6.6.4. To prepare the organization and the agenda of the next Congress.

6.6.5. To call on any other Member, or third party, to assist it as it may deem necessary.

6.6.6. The Executive Board shall establish a Nominations Committee and appoint its members.  The Nominations Committee shall determine the procedure for nomination to the function of Executive Board member of the Association and shall publish this procedure on the Association’s website.

Article 6.7. A quorum of the Executive Board consists of the majority of its Members. The decisions of the Executive Board are taken by simple majority.

Article 6.8. All acts binding the Association shall be signed by two Members of the Executive Board, one of which shall be the President or his/her appointee, (or a Member of the Executive Board appointed by the President for this task), who shall not be required to prove to a third party that they have the right to do so. Individual Board Members can be held responsible only for implementing the mandate they have received.

Budgets and Accounts
Article 7.1. The fiscal year shall run from 1 January to 31 December.

Article 7.2. The Executive Board is responsible for the finances of the Association and it shall appoint a Finance Officer of the Association who shall maintain the accounts of the Association and prepare periodic financial statements for submission to the Executive Board, including the annual statements to be submitted by 31 March each year.

Article 7.3. The auditing of the accounts shall be undertaken by two auditors elected at Congress. The mandate of the auditors shall run for two fiscal years, commencing on 1 January the year following their respective election. The auditors are eligible for re-election.

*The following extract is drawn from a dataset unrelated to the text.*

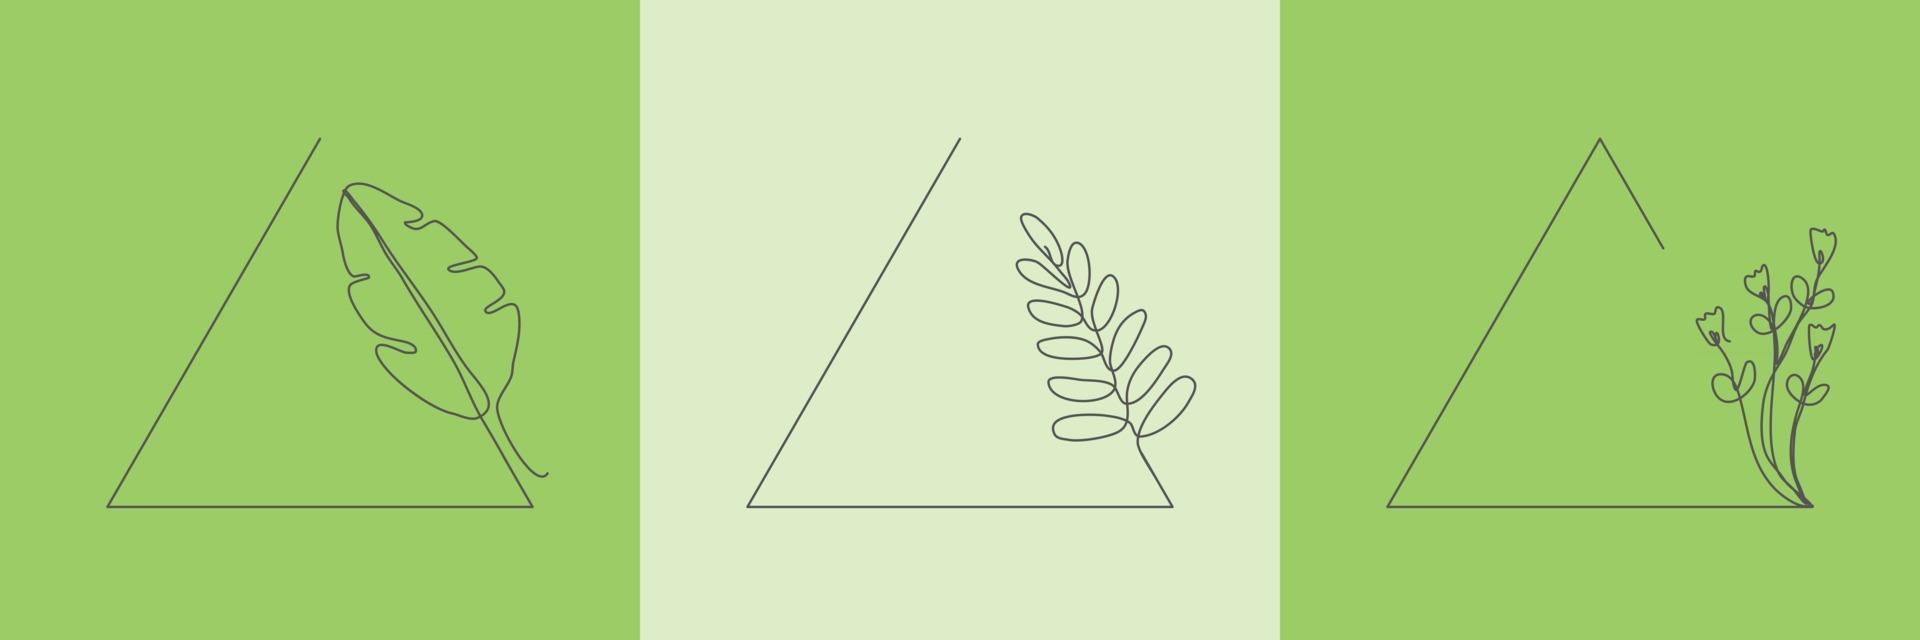 Establecer hierba orgánica floral dibujada a mano, hojas y flores con marco triangular, elemento decorativo de hoja. Ilustración de vector de arte lineal para redes sociales, boda, invitación, logotipo, cosmética

Article 7.4. The Executive Board shall prepare an annual budget and shall submit it to Congress for approval.

Amendments to the Statutes
Article 8.1. Without prejudice to Article 48 §3 of the Law, all proposals to amend the Statutes or to dissolve the Association must be proposed by the Executive Board or by any Members of the Association.

Article 8.2. The Executive Board must inform all Members of the Association of any proposal to amend the Statutes or to dissolve the Association at least one month before the Congress, which shall legislate on the issue.

Article 8.3. No decision to amend the Statutes or to dissolve the Association will be valid unless voted by a two-thirds majority of the Members present or represented at the Congress.

Article 8.4. Amendments to the purpose of the Association as defined in article 3 of the Statutes will become valid only upon approval by Belgian Royal Decree. Any amendments to the Statutes will only become opposable towards third parties once the necessary publication formalities have been fulfilled.

Article 8.5. The Congress will determine the modalities of dissolving and liquidating the Association. At the moment of the liquidation of the Association and once all debts have been paid and all liabilities have been fulfilled, the remaining assets of the Association will be allocated by the liquidator in accordance with the decision of the Congress in this respect. In accordance to the Law, the remaining assets will be allocated to an altruistic purpose.  

General Provisions
Article 9. Any other matters not foreseen in these Statutes, such as the publication in the Annexes du Moniteur Belge, will be regulated in conformity with the Law of 27 June 1921 and any subsequent amendments.

The French version of the Statutes is the only valid one.